Yeah I think so, I’ll write it in simple language.
basically it includes everything else if I have a,b, syntax before it will cut a,b and include what’s left.
The only thing I am a bit confused isn’t the rest parameter makes an array itself?
const [a,b,...array] = list
so shouldn’t it be an array inside an array or this is just how the syntax works.
edit: so yeah array is a sub array of list or source if we take a look at the lesson.
Don’t think of the left hand side as an array. It does look like an array because you are using square brackets, but the left hand side isn’t actually creating an array, it’s just the syntax used for destructuring arrays.
Let’s say we just wanted to get just the first value from the list array using destructuring:
const [first] = list
The variable first will be set to the first number in the list. Having the square brackets around it on the left hand side does not make it an array.
Now let’s make a copy of the list using destructuring:
const [...copy] = list
The variable copy will be a copy of the list array because the rest parameter inside of the destructuring tells JS to gather all of the remaining elements in list (which happens to be all of them in this case) and create a new array with them, which is then assigned to copy. There is no need for extra square brackets anywhere to denote that copy is an array (in fact, putting an extra set of square brackets around copy would be an error and your JS would break at that point).
Yeah, the notation can be a little confusing. As bbsmooth is saying, that is not an array because it has square brackets ([ and ]), because of where it is in the syntax, JS knows that this is array destructuring.
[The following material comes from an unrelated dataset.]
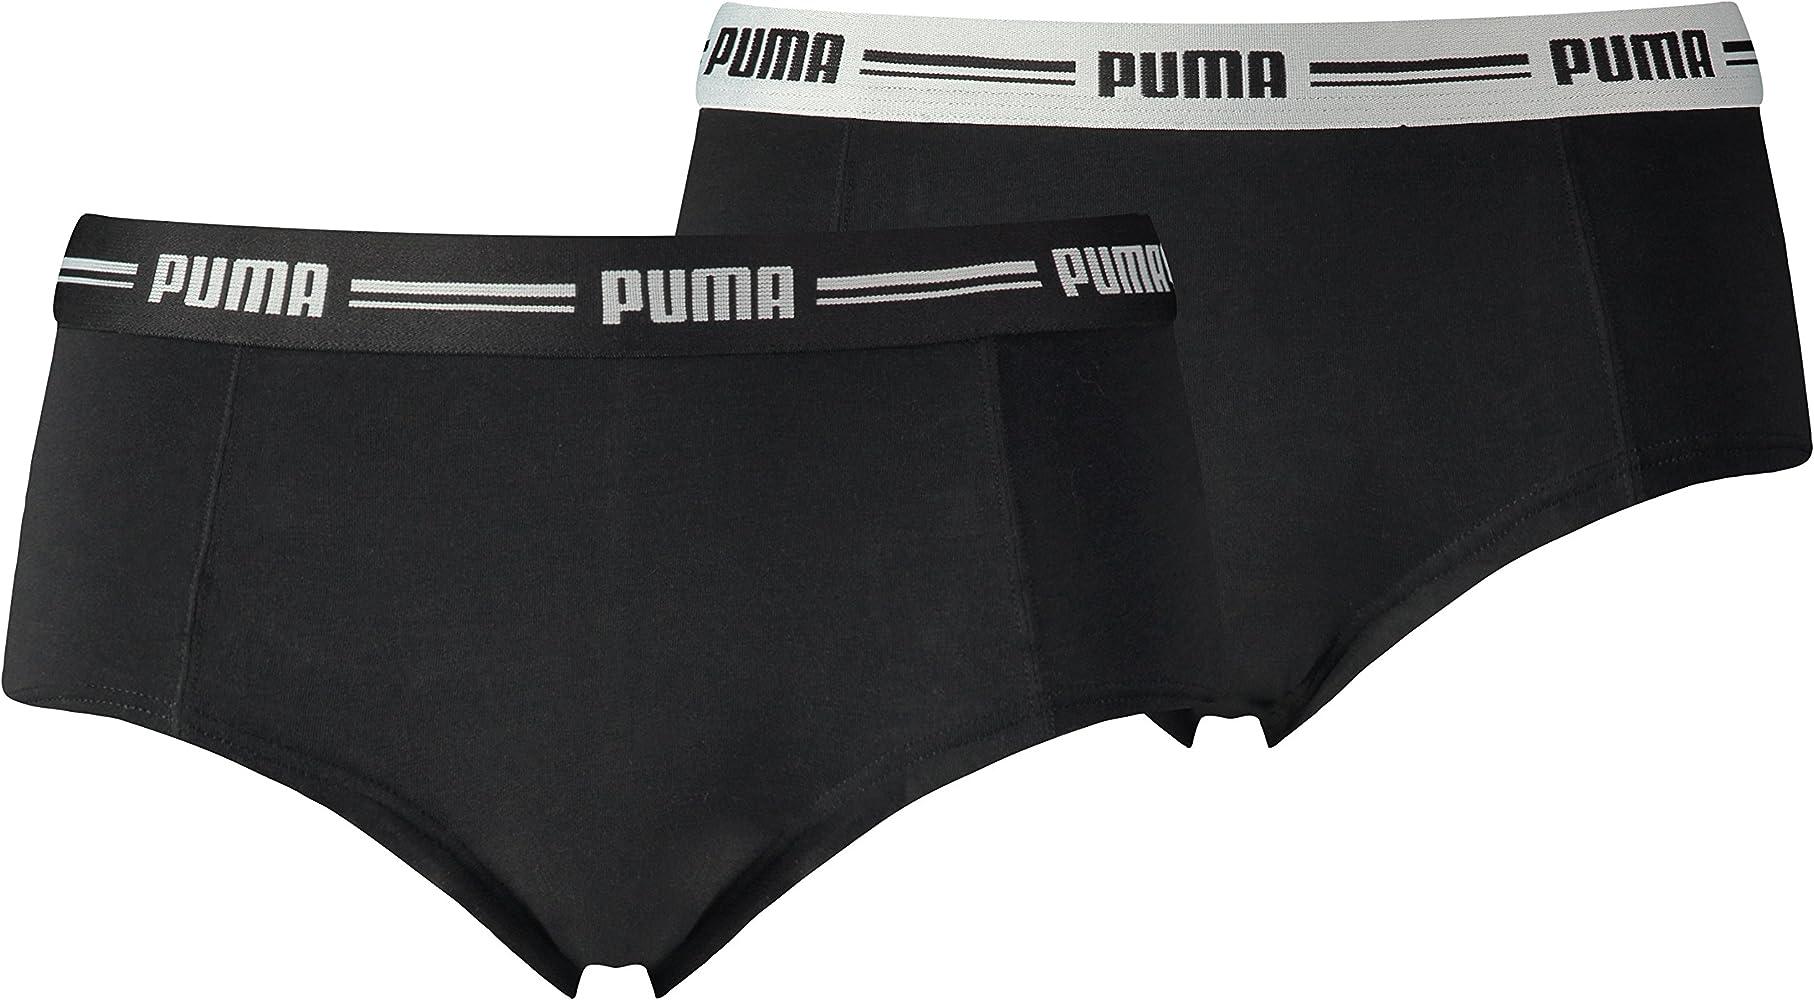 Puma 5730100010, Bóxer Para Mujer, Negro (Black), XS, Pack de 2 ...

It is saying, “take the first value in that array and store it in a, store the second element in b, and then scoop up the rest, put it all in an array and store it in array”.
I meant it’s an array in an array (sub array) because the rest parameter creates an array, is that correct?
(theRest) = [3,4,5]
because " he rest parameter syntax allows a function to accept an indefinite number of arguments as an array"
is that correct?
hence array in an array. ( from the lesson )
I think that’s it from the answers I got here and from the definition itself.
An “array in an array” is a multi-dimensional array, which is definitely not the case here. So I think perhaps you are not using the correct terms for what you are trying to ask. Do you mean that the rest parameter is creating a new “subarray” from the original array because it is being used in a destructuring assignment? Yes, that is what is happening, but I would not call it an “array in an array” because that really means something completely different.
And this application is not in a function, not in a parameter list. This is the destructuring and the rest operator in a variable declaration, not a parameter list.
It depends on how you use it. When you do, it is part of the initialization of the variable, not the declaration.
The only place where it would always create a variable would be in a parameter list of a function. But none of the above examples show a rest operator being used in a function parameter list.